Named presets bundle a deterministic input fixture, an optional budget file, and a runtime gate so maintainers can run release-regression workloads without re-deriving inputs and budgets each time. Four presets ship with the wheel today, grouped into three categories:

Preset Category Providers Operations Iterations Failure tolerance
mock-smoke checkout-safe mock predict, embed 5 fail-on-violation
parser-overhead checkout-safe mock predict, embed 20 fail-on-violation
prepared-host prepared-host leworldmodel, lerobot, gr00t score, policy 3 skip-when-env-missing
release-evidence release mock predict, embed 10 fail-on-violation

List, inspect, and run presets through the existing benchmark subcommand:

uv run worldforge benchmark --list-presets
uv run worldforge benchmark --show-preset release-evidence
uv run worldforge benchmark --preset mock-smoke
uv run worldforge benchmark --preset release-evidence --format json --run-workspace .worldforge

--preset overrides --provider, --operation, --iterations, --concurrency, --input-file, and --budget-file. The --format and --run-workspace flags still apply.
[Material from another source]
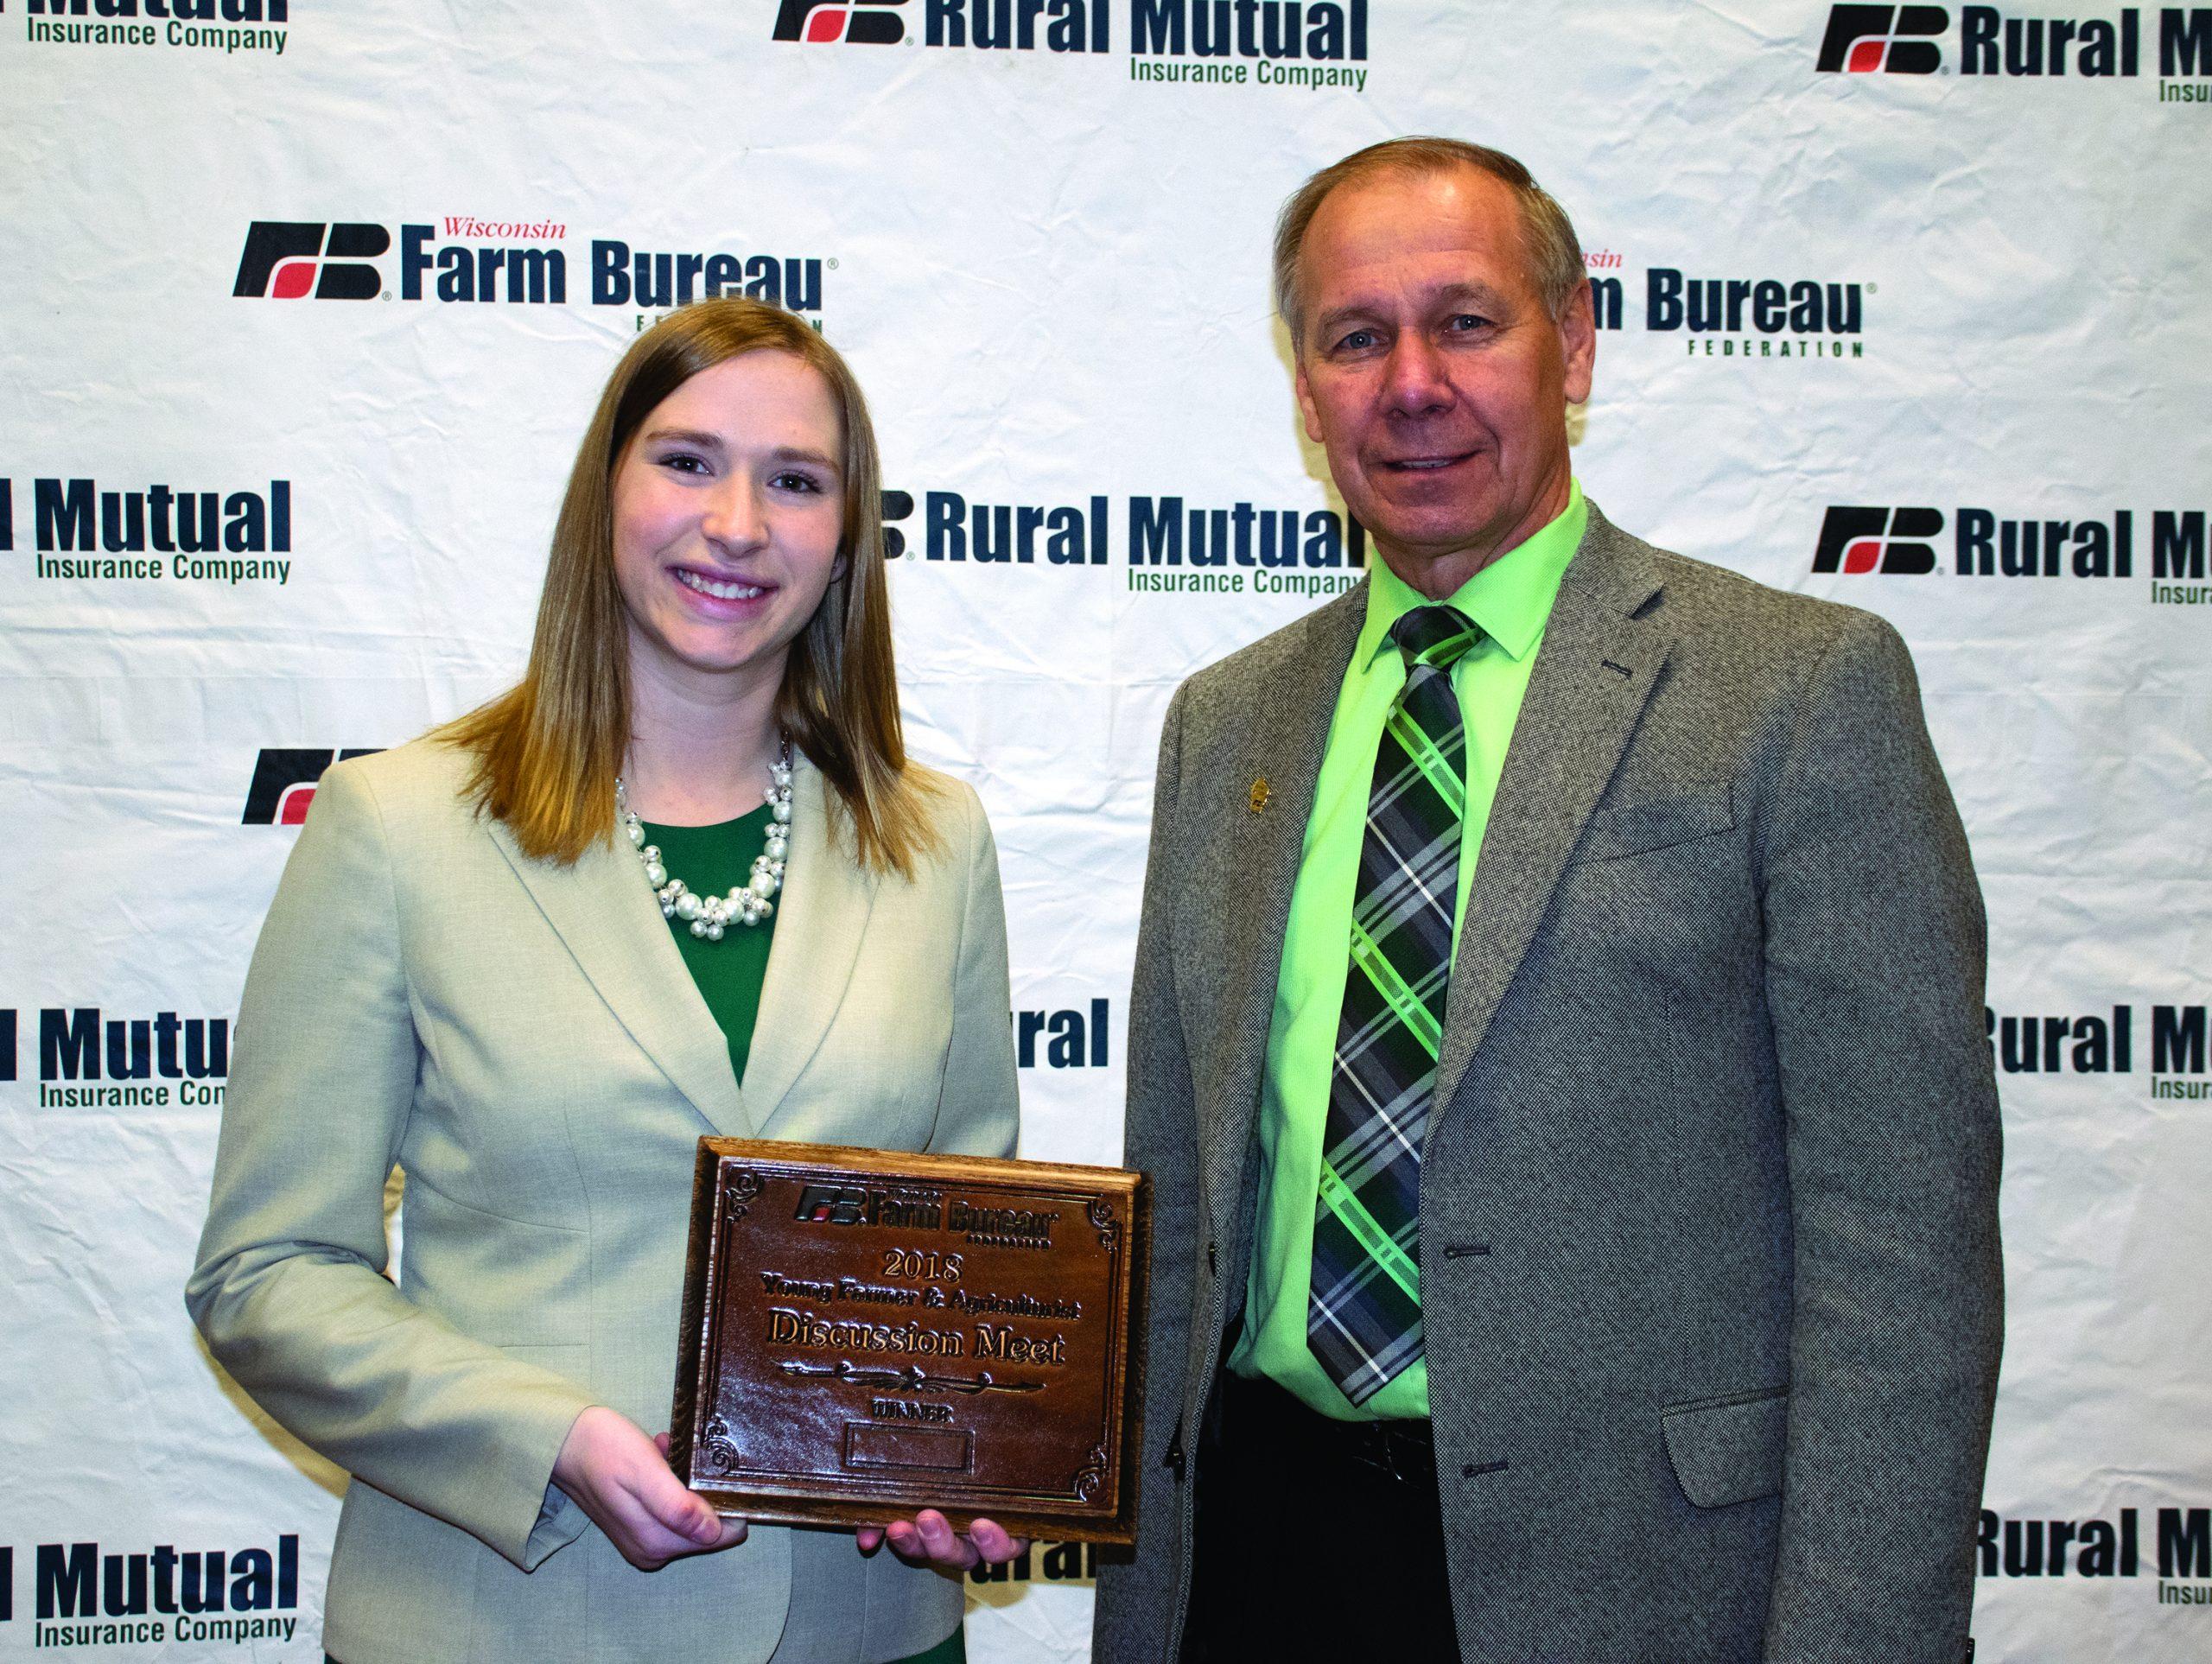 Manitowoc County Woman Wins Farm Bureau's Discussion Meet Contest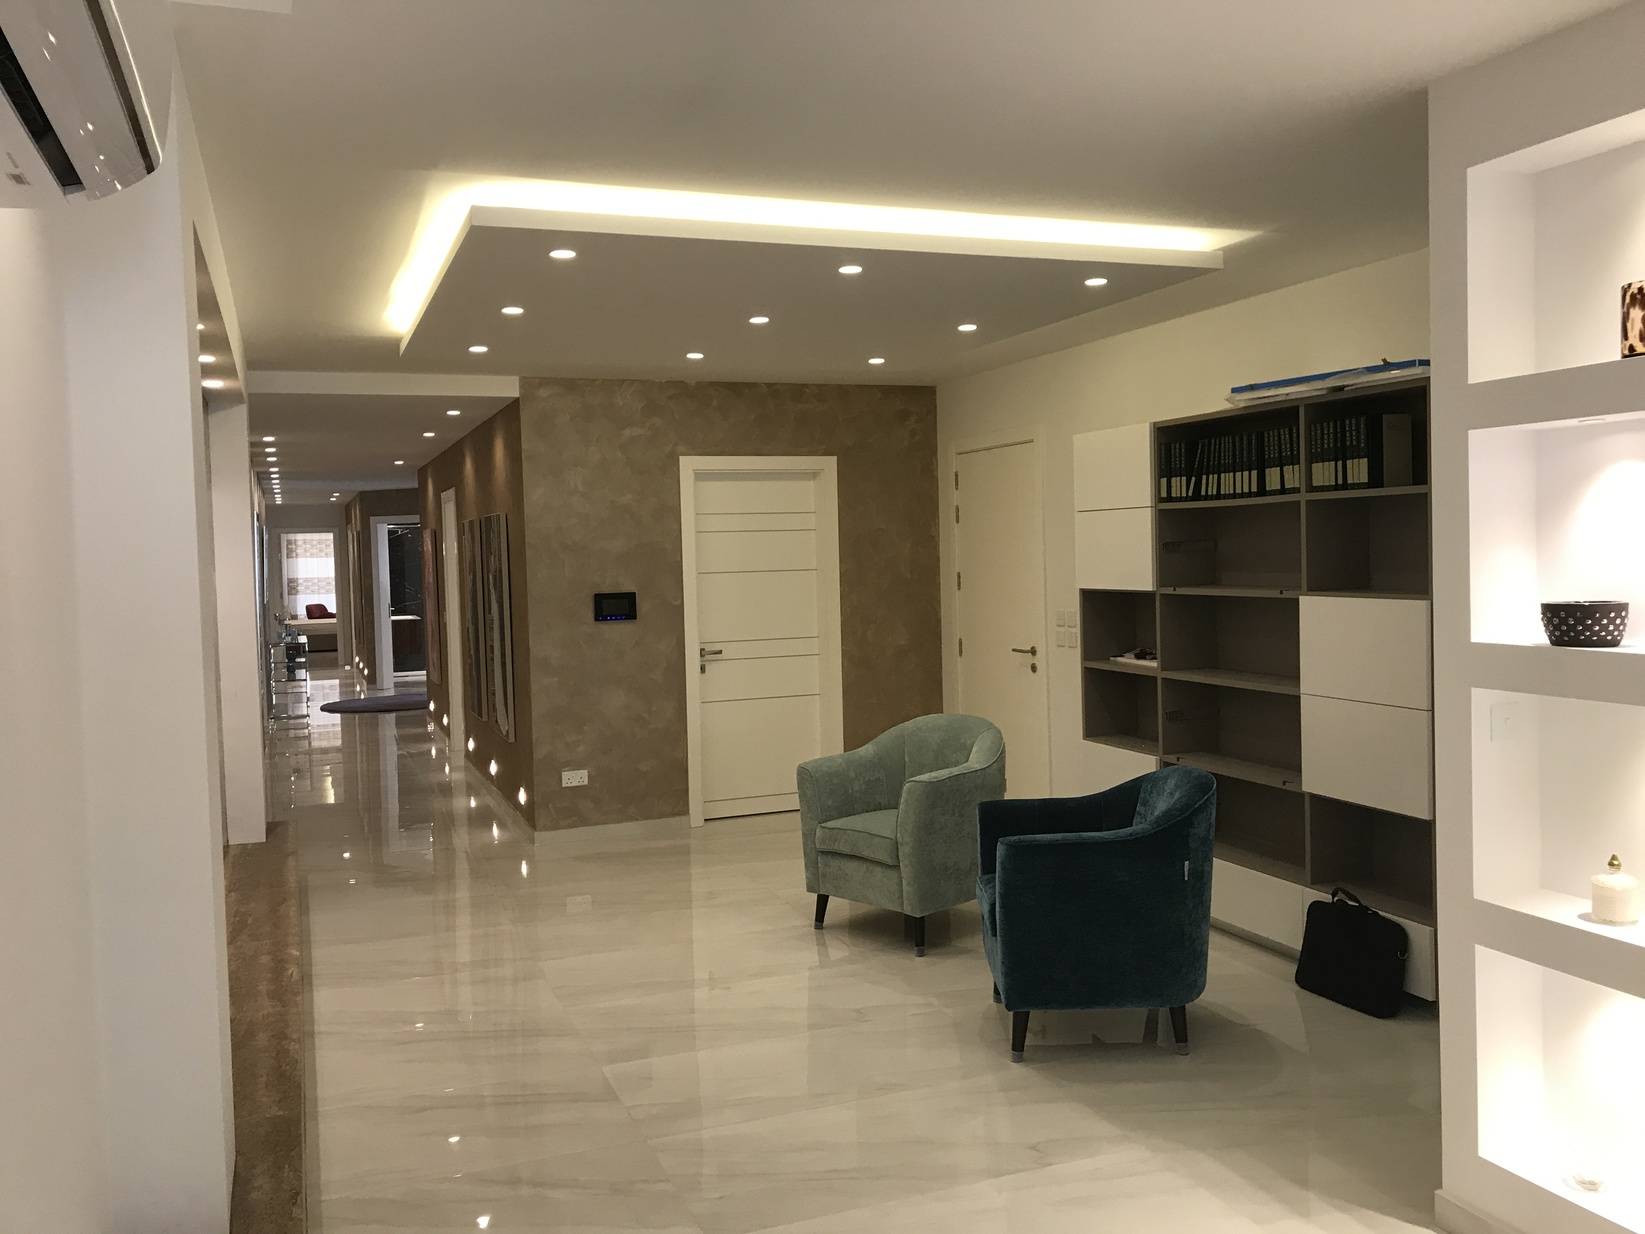 3 bed Apartment For Rent in Qawra, Qawra - thumb 8

Failure tolerance and skip semantics

  • fail-on-violation (mock-smoke, parser-overhead, release-evidence). The preset runs unconditionally; budget violations exit non-zero with the standard violation table that carries provider, operation, metric, observed value, threshold, and budget selector.
  • skip-when-env-missing (remote-media-dryrun, prepared-host). Each gated preset checks every provider runtime profile it requires through worldforge.testing.runtime_profiles.provider_profile_skip_reason. If no eligible runtime is configured the preset prints a typed reason and exits 0; release CI treats this as "evidence not available on this host" rather than a failure.

Adding a preset

BenchmarkPreset is a frozen dataclass under worldforge.benchmark_presets. Add a new entry to the _BENCHMARK_PRESETS tuple, ship the matching inputs-*.json and (optionally) budget-*.json next to it under src/worldforge/benchmark_presets/_data/, and add coverage in tests/test_benchmark_presets.py. Keep the inputs deterministic and small; binary clip frames belong inside the JSON via frames_base64 rather than as separate media files.

Provenance envelope

Reports built through ProviderBenchmarkHarness.run() and the worldforge benchmark CLI carry a provenance envelope (schema_version: 2) so a claim can be reproduced, audited, or cited without console logs:

Field Description
schema_version Envelope schema version (currently 2).
kind "benchmark".
suite_id, suite_version "benchmark" and the contract version (e.g. benchmark:1).
worldforge_version Package version that produced the report.
created_at UTC ISO timestamp.
command The command argv vector when produced through the CLI.
providers, capabilities Providers exercised and operations they covered.
runtime_manifests Provider runtime manifest references when available.
input_digest, result_digest Deterministic sha256:<hex> digests of inputs and results.
budget_file path, sha256:<hex>, and metadata summary when a budget gate ran.
event_count Sum of request_count across emitted ProviderEvent records.
claim_boundary, metric_semantics Mirrors the report-level claim text.
notes Optional free-form note.

Cite a benchmark number by attaching the envelope (paste the JSON provenance block or the Markdown provenance section) alongside the report in any issue, release note, or evidence bundle. The envelope intentionally duplicates claim_boundary and metric_semantics so a single block carries the full provenance for a claim.

Migration

Previous reports omitted provenance. The CSV renderer, claim_boundary, metric_semantics, run_metadata, and results fields are unchanged; run_metadata.input_file and run_metadata.budget_file continue to expose the raw hex digest used by earlier tooling. New consumers should prefer the envelope input_digest, result_digest, and budget_file fields, which carry sha256:<hex> digests and the runtime_manifests map.